_Task prompt_. Emit a verbatim copy of the lines below from the line with "Beauty and The Beast's Castle - Flexi case" through the line with "People ommemorate as", excluding pictures and everything outside that range.

_Source material_.
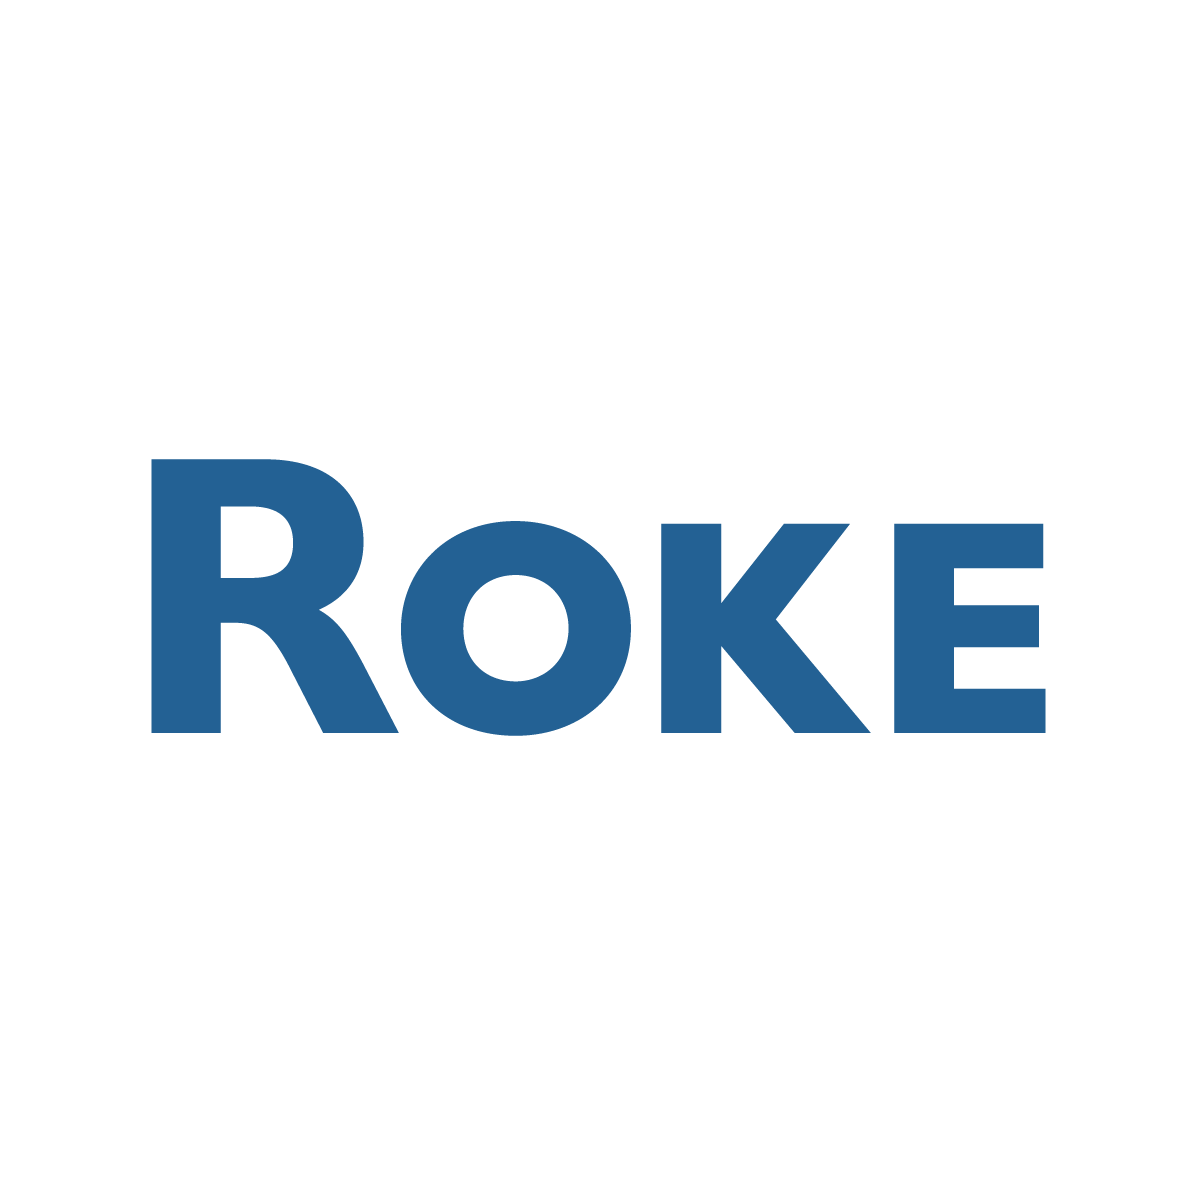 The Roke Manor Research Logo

==

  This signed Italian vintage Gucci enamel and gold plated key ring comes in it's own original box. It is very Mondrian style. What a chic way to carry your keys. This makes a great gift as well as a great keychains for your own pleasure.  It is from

* * *

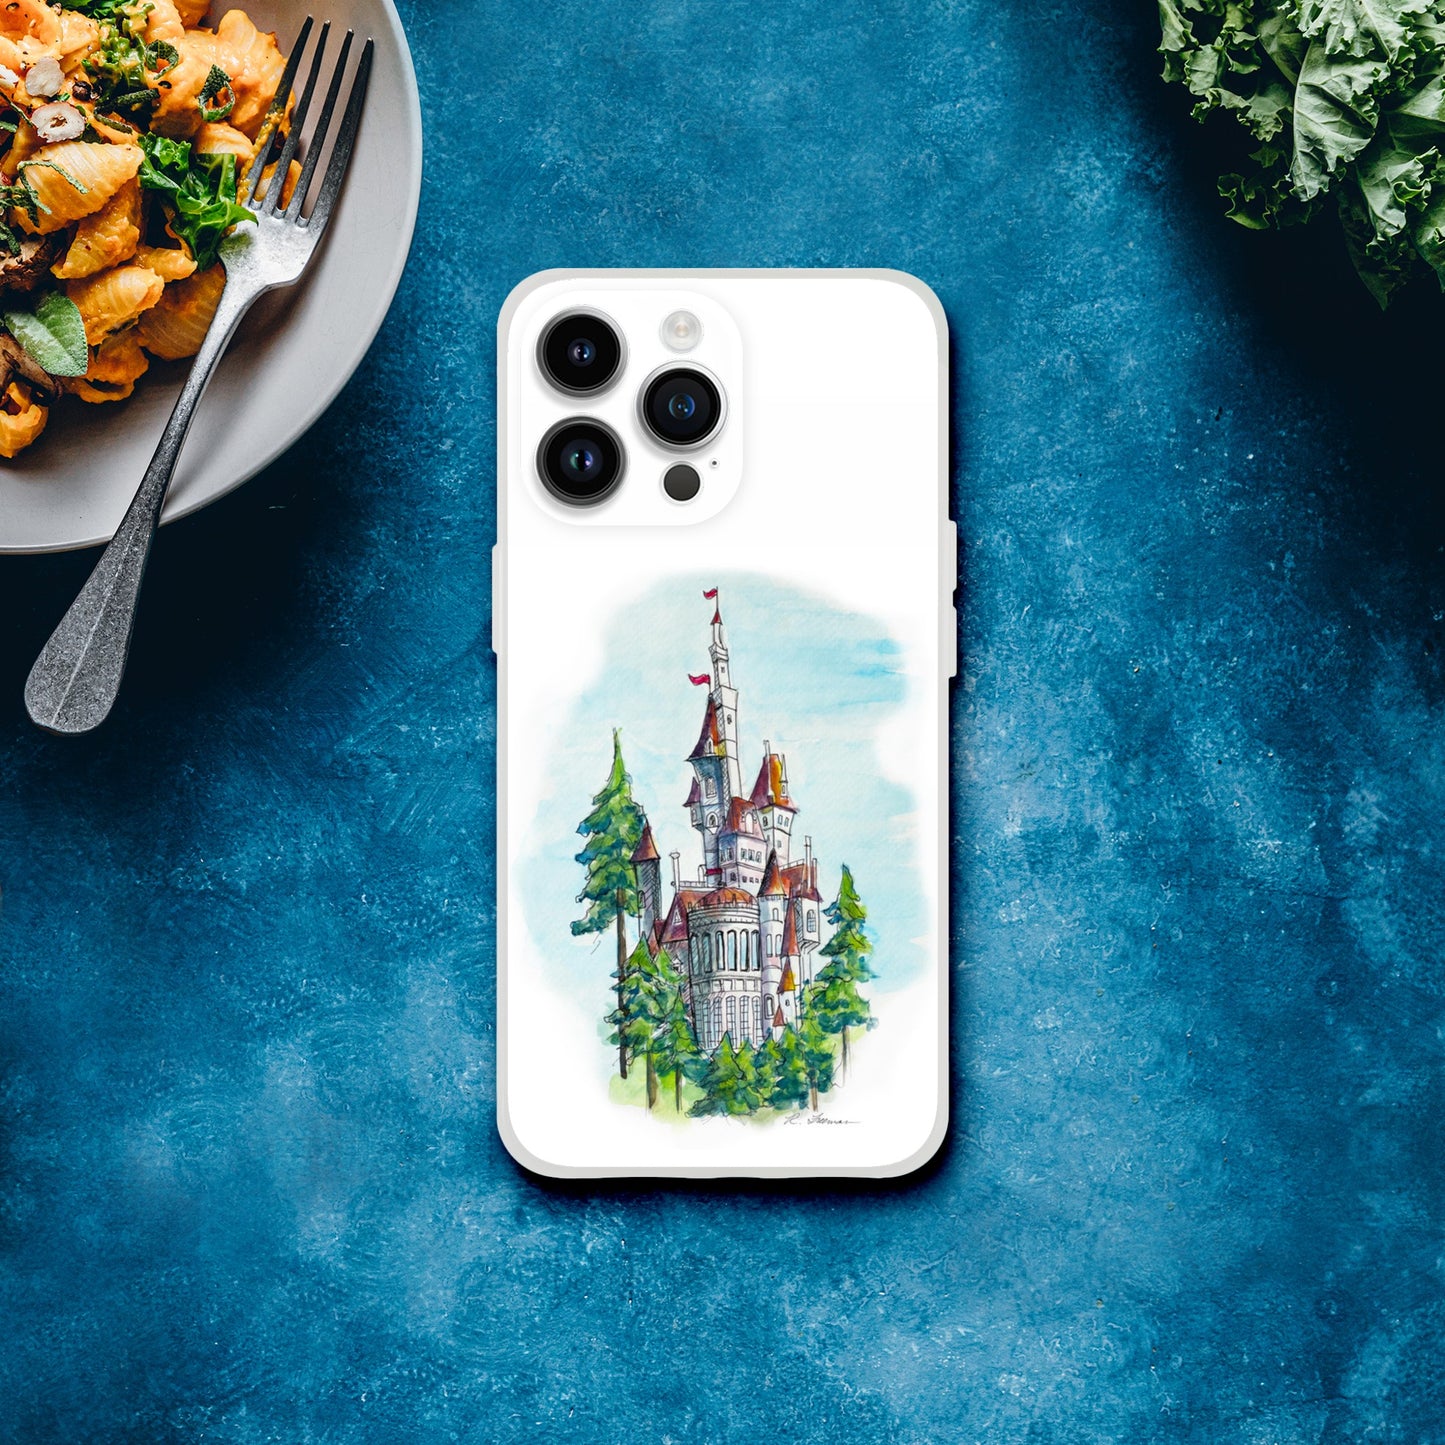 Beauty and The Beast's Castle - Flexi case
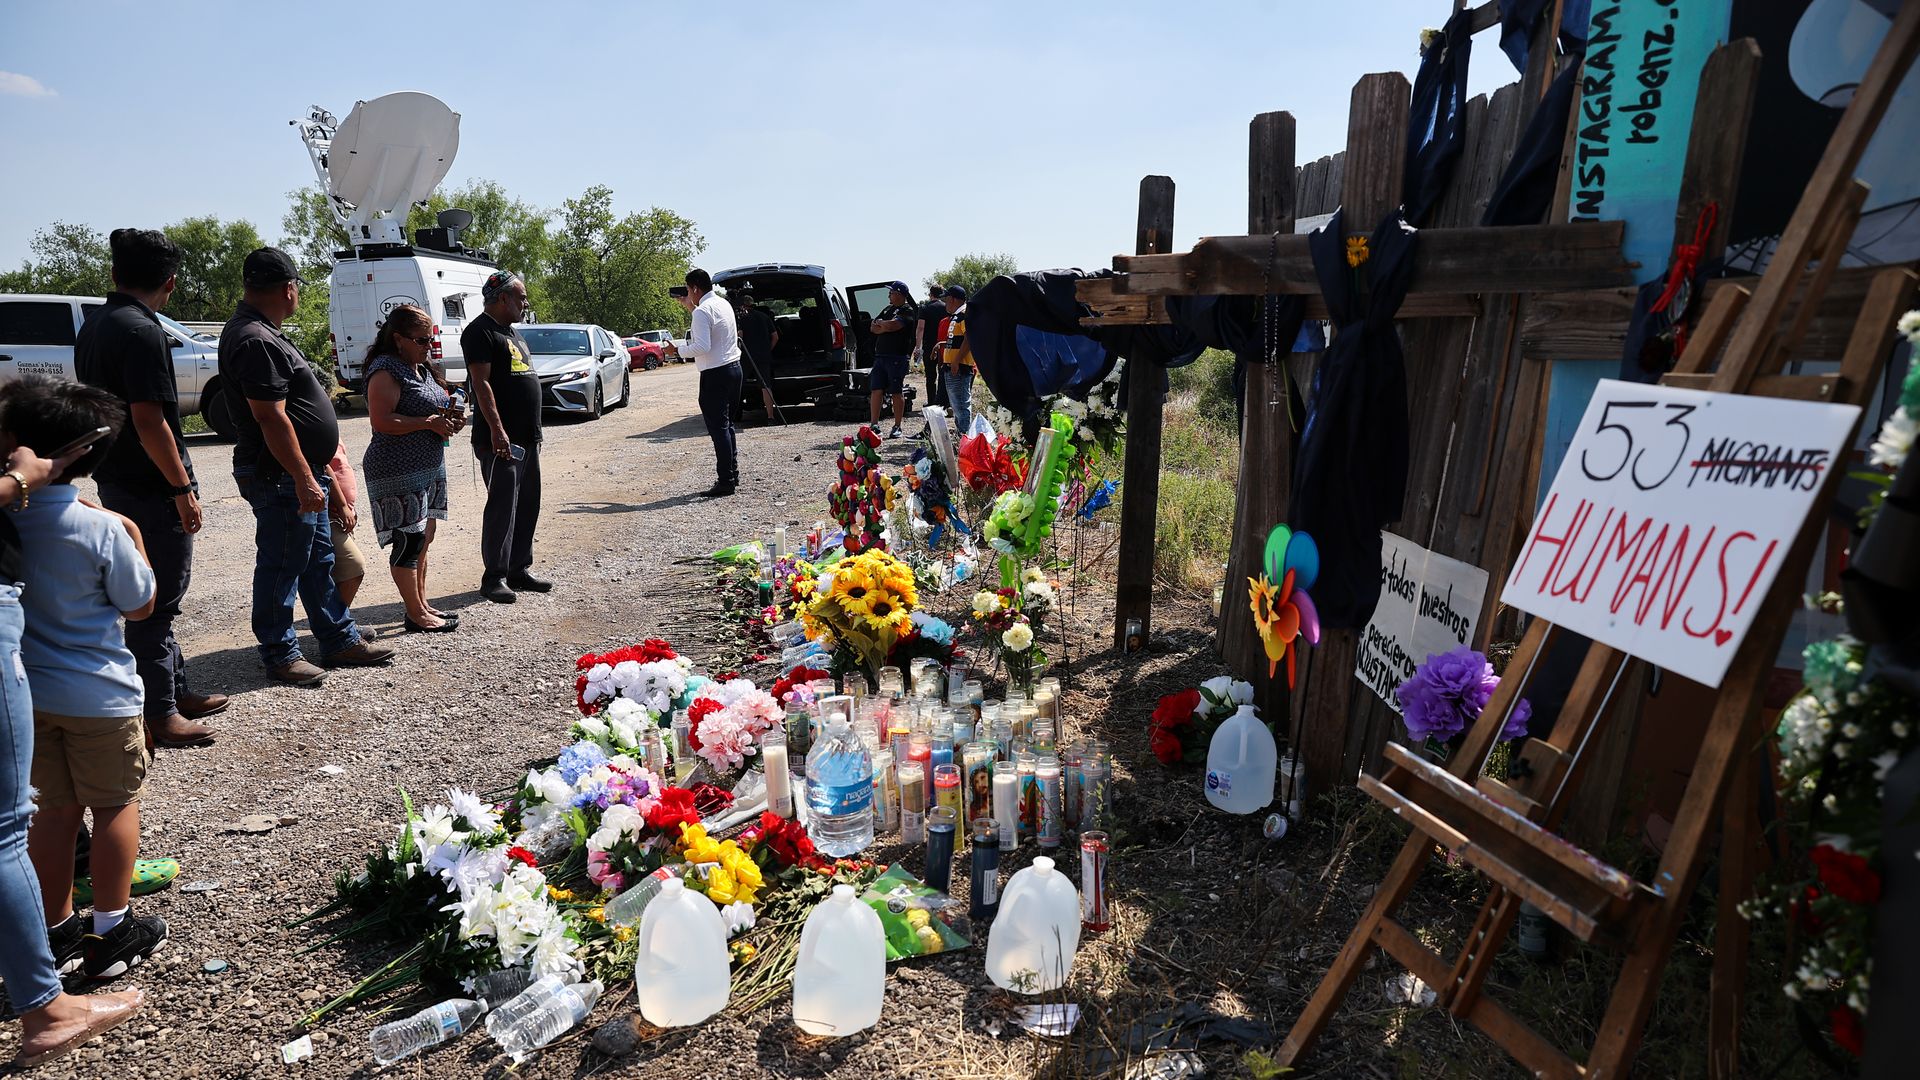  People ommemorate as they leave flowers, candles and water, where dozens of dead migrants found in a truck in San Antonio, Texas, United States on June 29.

_Exercise answer_.
 Beauty and The Beast's Castle - Flexi case
  People ommemorate as they leave flowers, candles and water, where dozens of dead migrants found in a truck in San Antonio, Texas, United States on June 29.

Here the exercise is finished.